Daniel (Matthew McFadyen, TV's "MI:5", "Pride & Prejudice") and his wife, Jane (Keely Hawes, TV's "MI:5") are living at home with his father and mother when his father dies. They await the arrival of the rest of the family for the funeral. Soon, the house is filled and they have to deal with all of the craziness in everyone's life. Daniel's brother, John (Rupert Graves), a published writer, flies in from New York, first class, and claims he doesn't have any money to help out with the funeral costs. Martha (Daisy Donovan), Daniel's cousin, and her fiancée, Simon (Alan Tudyk) stop by to pick up her brother, Troy (Kris Marshall, "Love Actually"). Simon is a wreck, because Martha's father has never liked him, so Martha decides to give him a Valium she finds in Troy's apartment. The only problem is that Troy is a minor drug dealer and the Valium is in fact a hallucinogen. Then, Peter (Peter Dinklage, "The Station Agent") shows up for the service. Daniel doesn't recognize him and is surprised when he asks if they can speak alone. Peter reveals some information to the son of the deceased, which causes everything to spiral out of control.

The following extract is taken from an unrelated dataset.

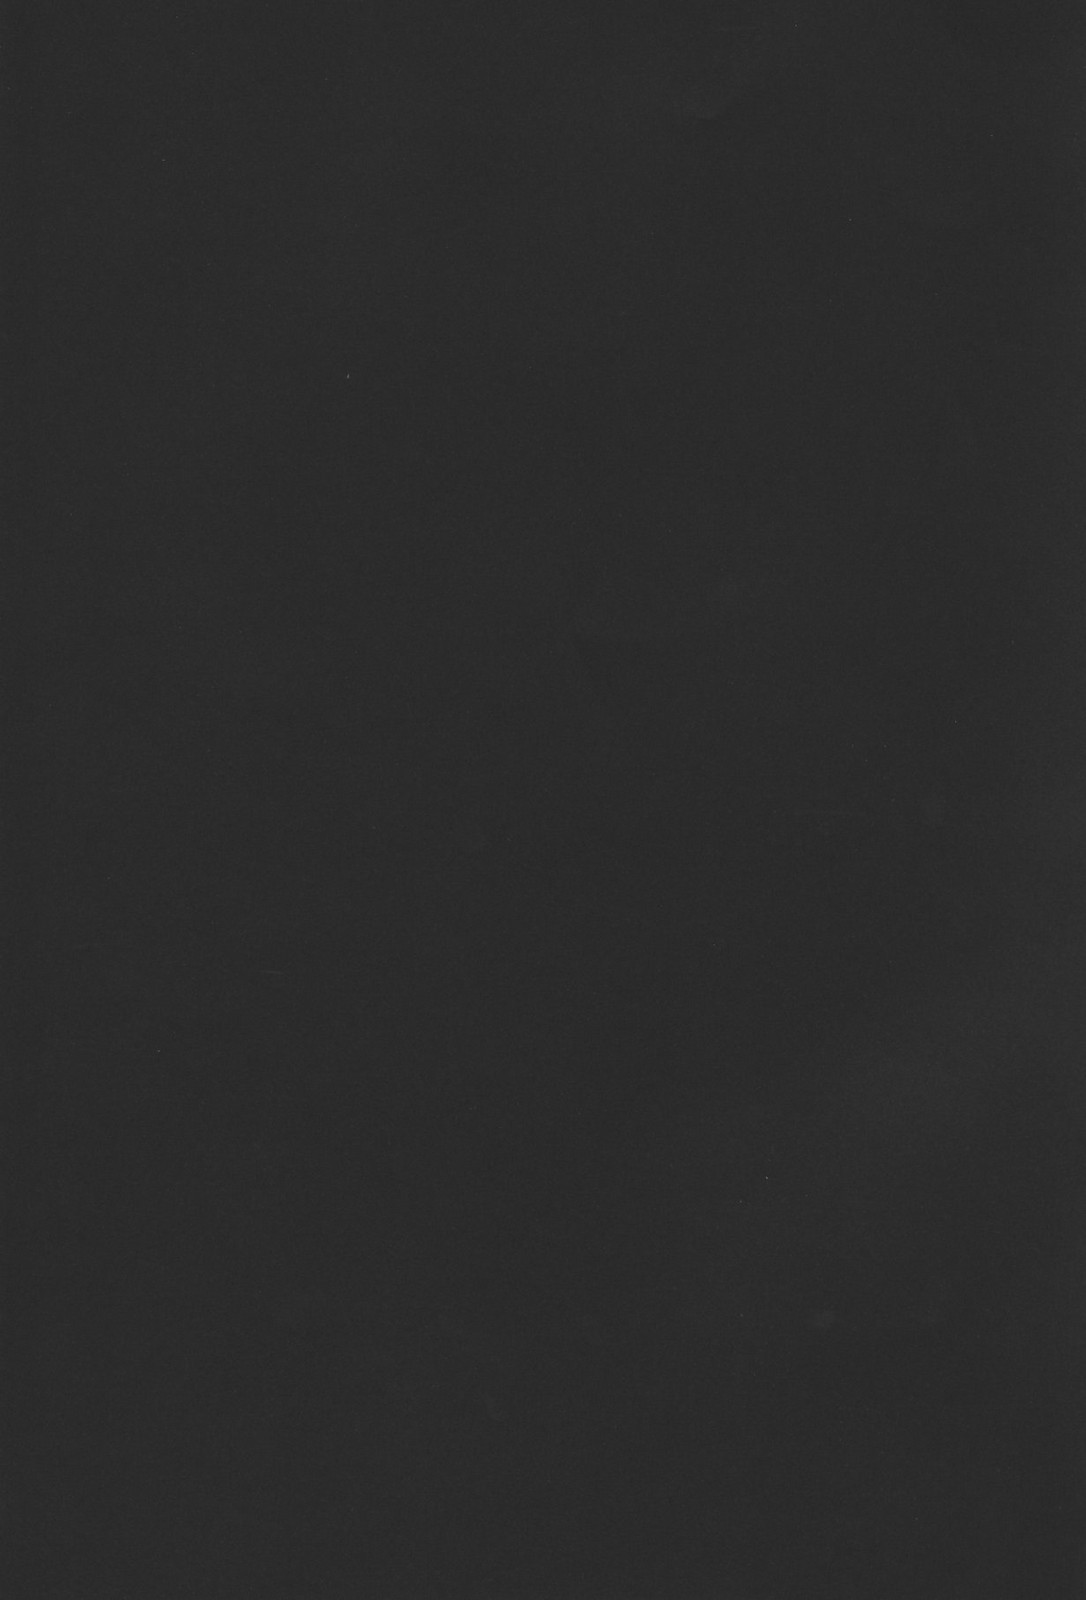 [Don Shigeru, CRC] Fog Field (Darker Than Black)

Directed by Frank Oz, an American director and former Muppeteer, "Death at a Funeral" has all the markings on a dark British comedy. It is strange that an American film director would make such a film, but Oz seems to be a good choice; "Dirty Rotten Scoundrels" has many similar elements. Despite the broad moments in his comedies, they do share a certain sensibility with the early work or Peter Sellers or Alec Guiness. In "Death", Oz dials down the comedy significantly, making it darker, more subtle, more tongue in cheek, more British.

The mood of the film is set early on. The undertakers arrive with Daniel's father and set the coffin in the viewing room. They open the casket and Daniel looks inside. "Who's that? That's not my father." They have brought the wrong body. They take the casket away and return later with the right body.

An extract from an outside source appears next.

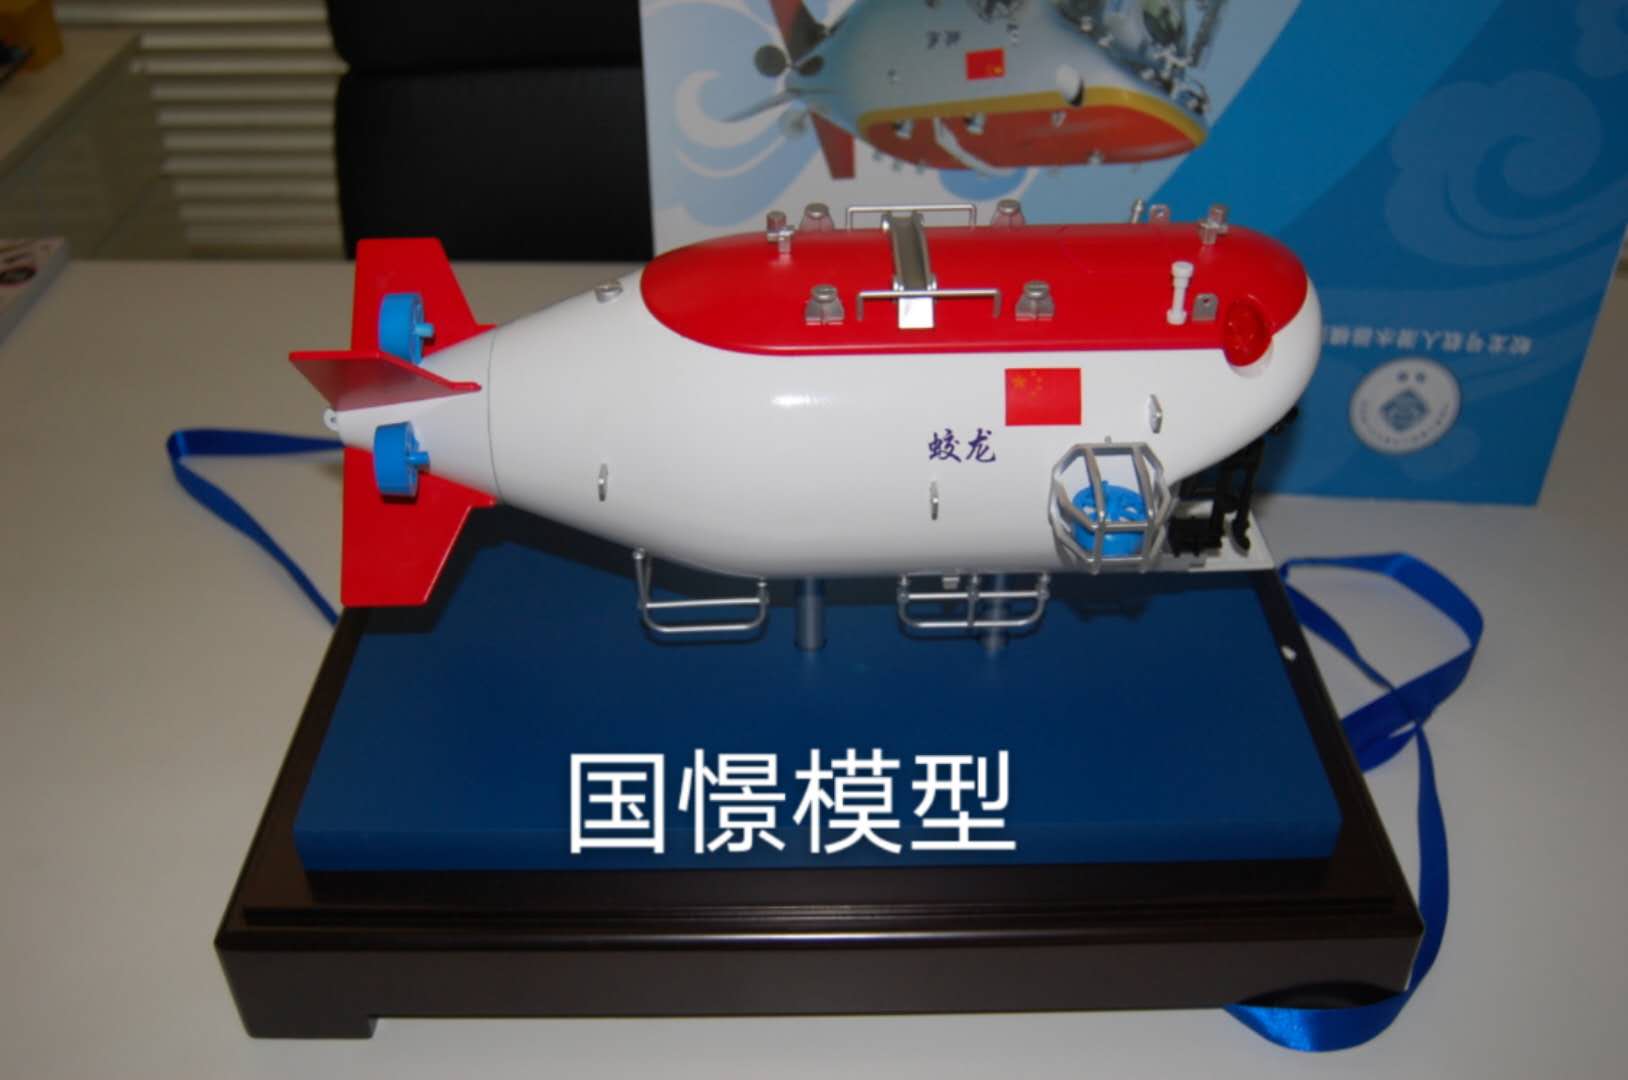 咸丰县船舶模型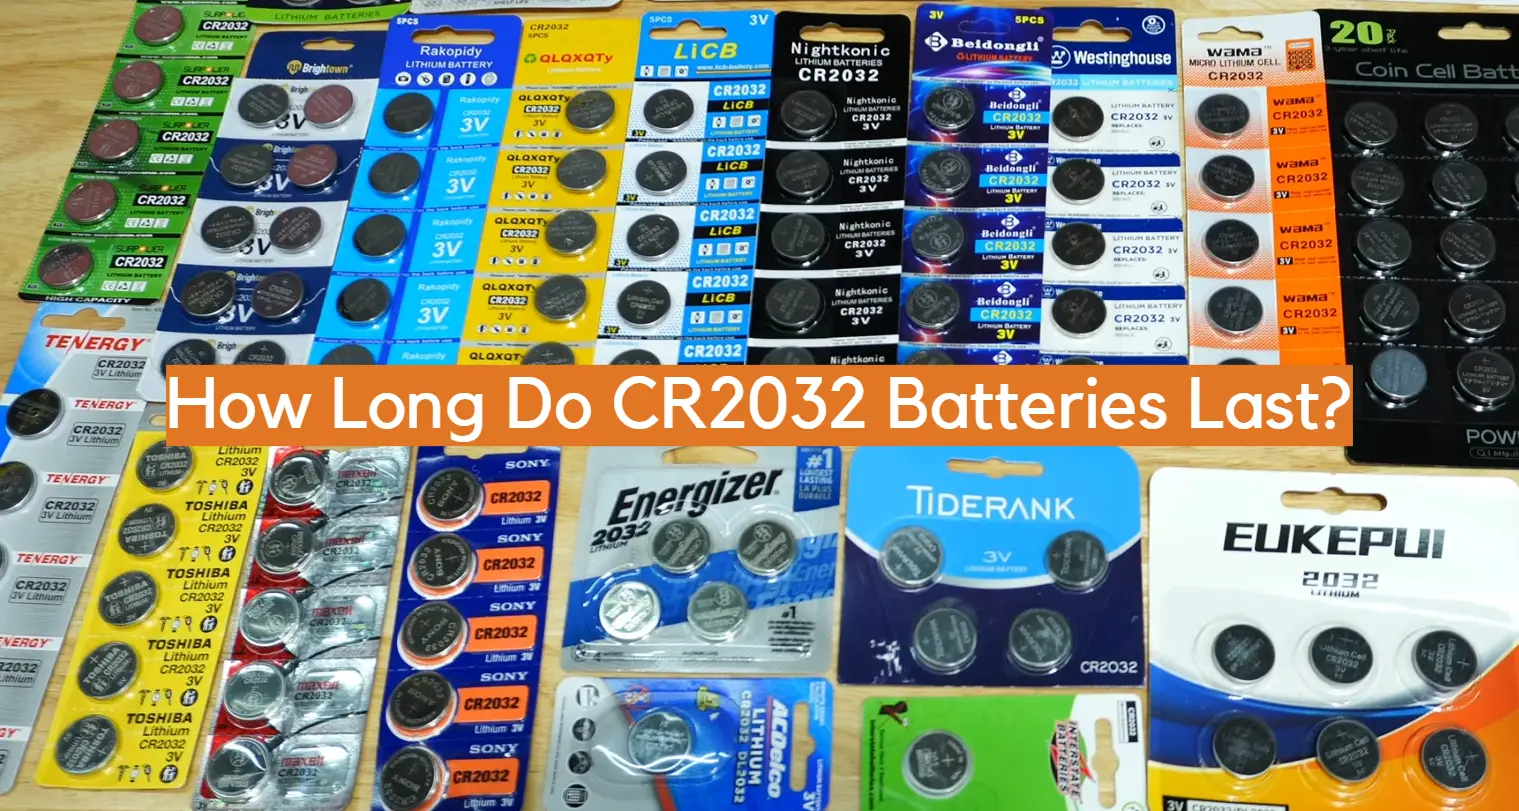 Batt Energy Shop - Varta lithium battery CR 2032 BULK 20 pieces

The real comedic standout in the film is Alan Tudyk who plays Simon, Martha's nervous fiancée. Just as they arrive at the country estate, the drugs he has unwittingly ingested begin to take hold and he starts to stare at leaves and flowers. Martha doesn't really know what to make of her boyfriend. During the ceremony, he causes a delay and Martha's father, Victor, dislikes him even more. Through the course of the film, Simon becomes more distraught and more unhinged as the full effects of the drug take place.

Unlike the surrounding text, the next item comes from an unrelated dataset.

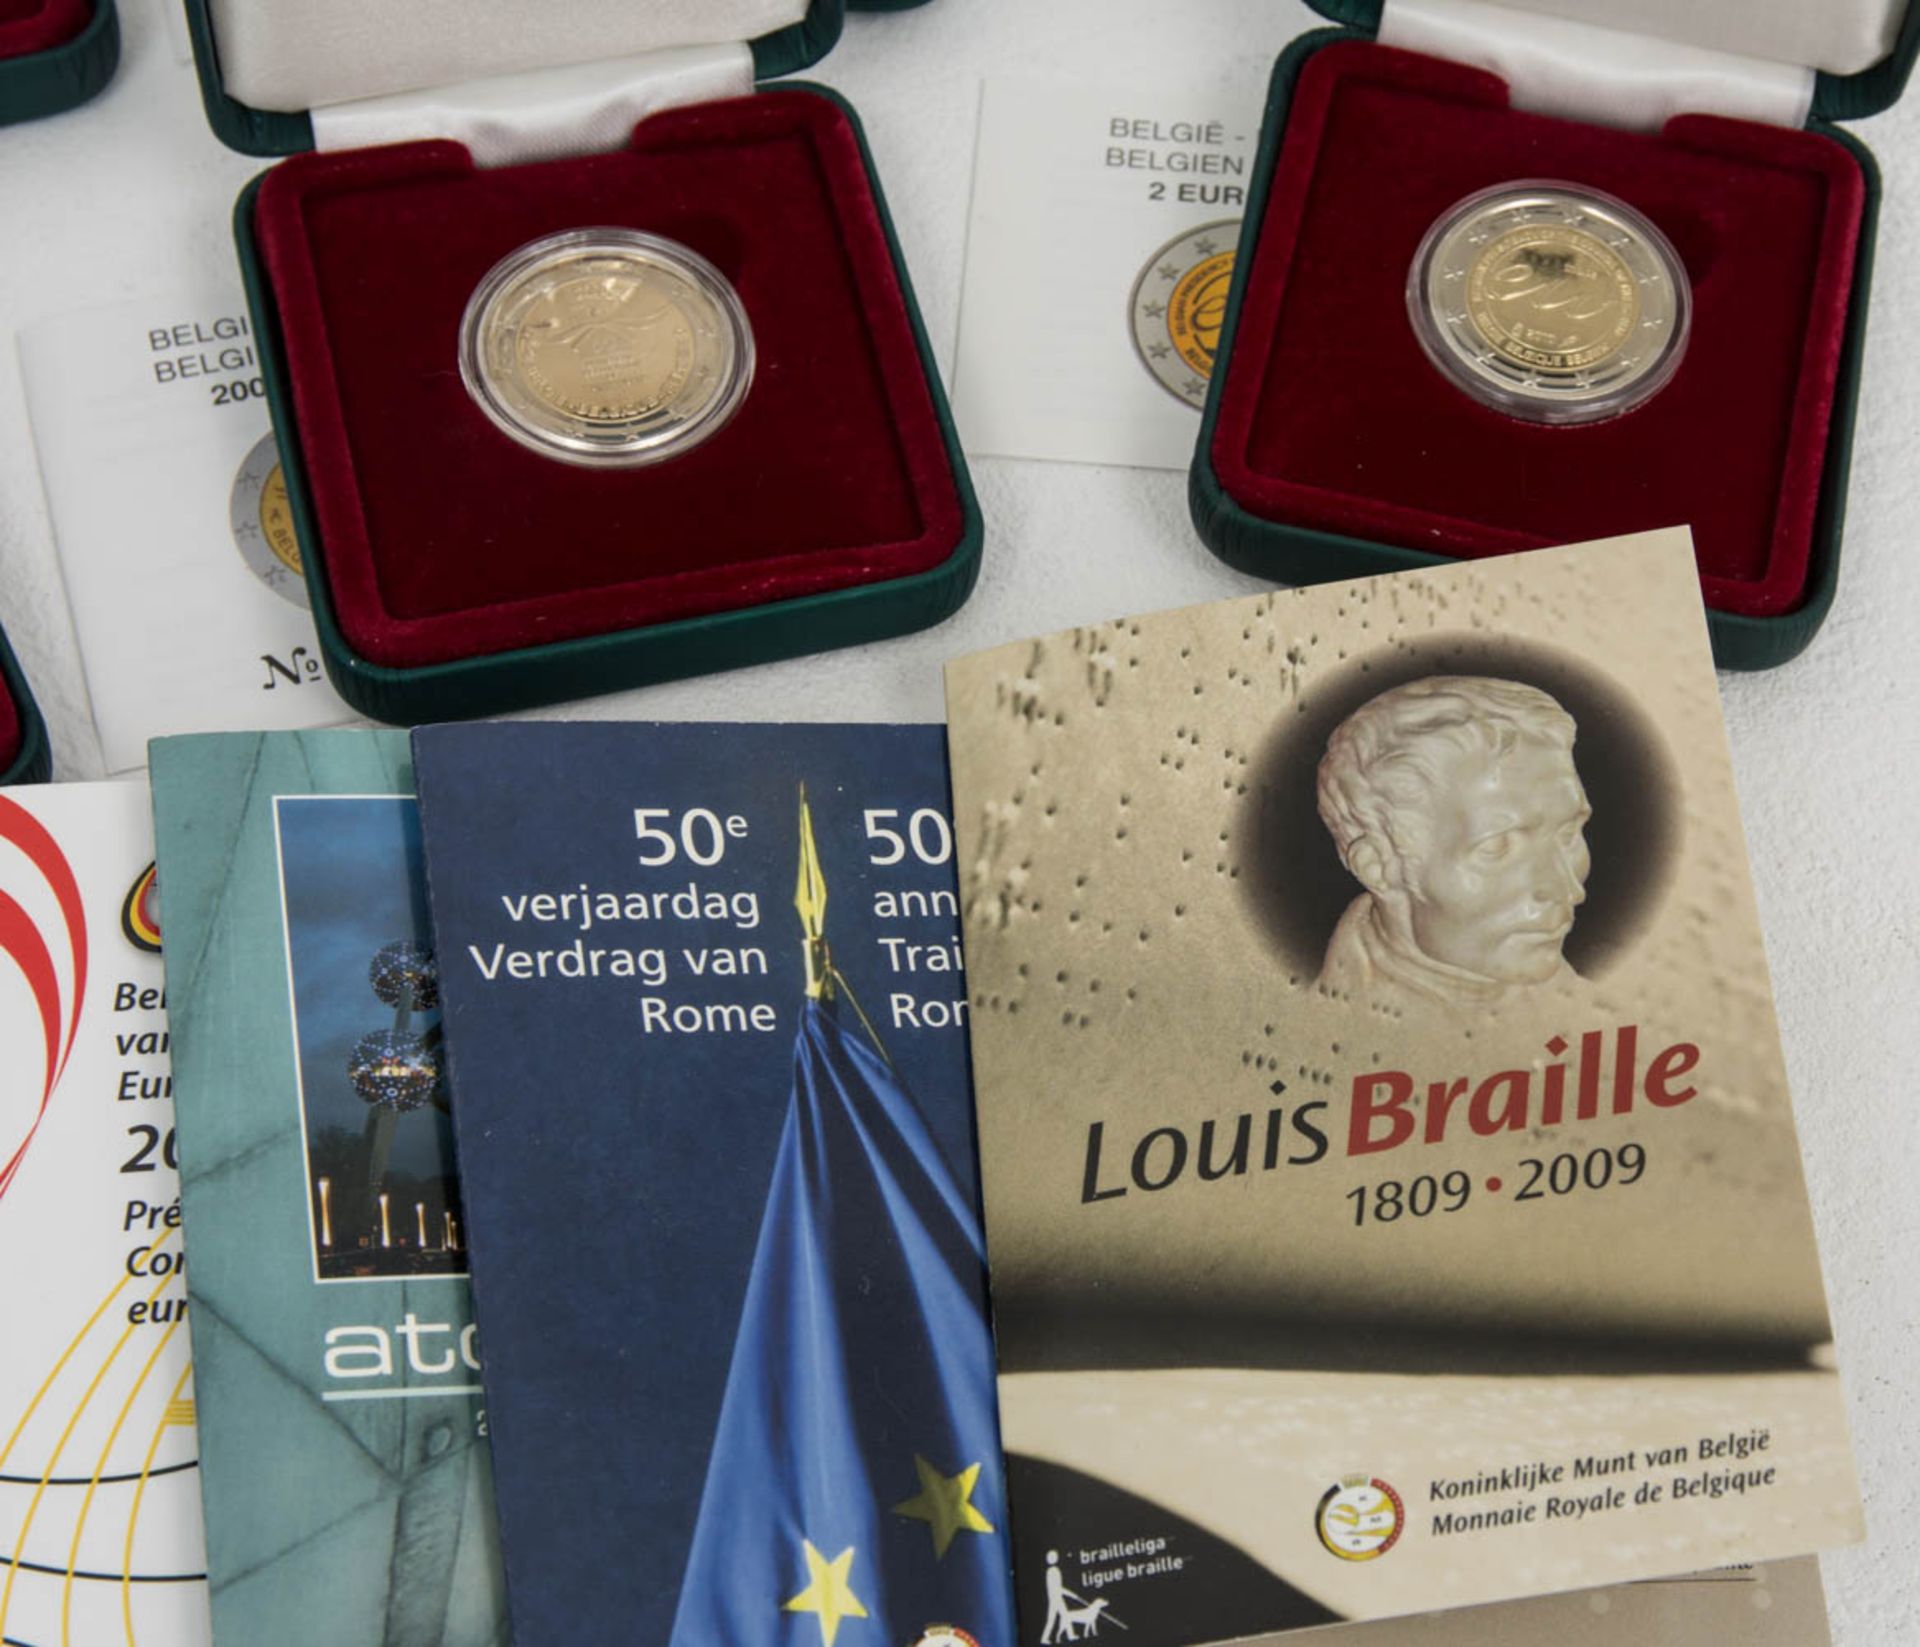 Sammlung Belgien 2 € Münzen.15 Stück, durchweg Sammlerqualität mit OVPs.Belgie - Bild 6 aus 6

Simon is the broadest character, but even this is minor when compared to some comedic roles in American films. The major laughs of this character come from his actions in the environment of this country house funeral. Everyone else is trying to remain very proper and respectful as Simon climbs naked on roofs.

Matthew McFadyen and Keely Hawes are both good, but they are basically the straight men for the rest of the cast. Daniel and Jane are trying to maintain an air of respectability, and Daniel's known as the `respectable' (boring) son. When Peter makes himself known to Daniel, Daniel begins to act a bit wacky, but the role is still relatively low key.

As the story progresses and the characters begin to spiral out of control, the action becomes even more funny because people are acting completely at odds to the setting. When you see a large country house in the English countryside, you think everyone will be acting very proper. When they don't, it creates funny situations and a lot of laugher. This is really the key with most great British comedies. They make fun of themselves, planting tongue firmly in cheek and casting their eye on themselves.

"Death at a Funeral" is not a great film. It can't seem to distance itself from scatological humor; an elderly wheelchair bound Uncle (Peter Vaughn) needs help to get to the bathroom and a family friend Howard (Andy Nyman) seems designated to help him. The situation leads to Howard getting feces on his hand and face. Oz seems to think this is funny, but it is just gross and seems completely at odds with the rest of the film.

"Death at a Funeral" is not a laugh a minute, but is a very humorous and enjoyable diversion. It is a film perfectly suited for DVD rental.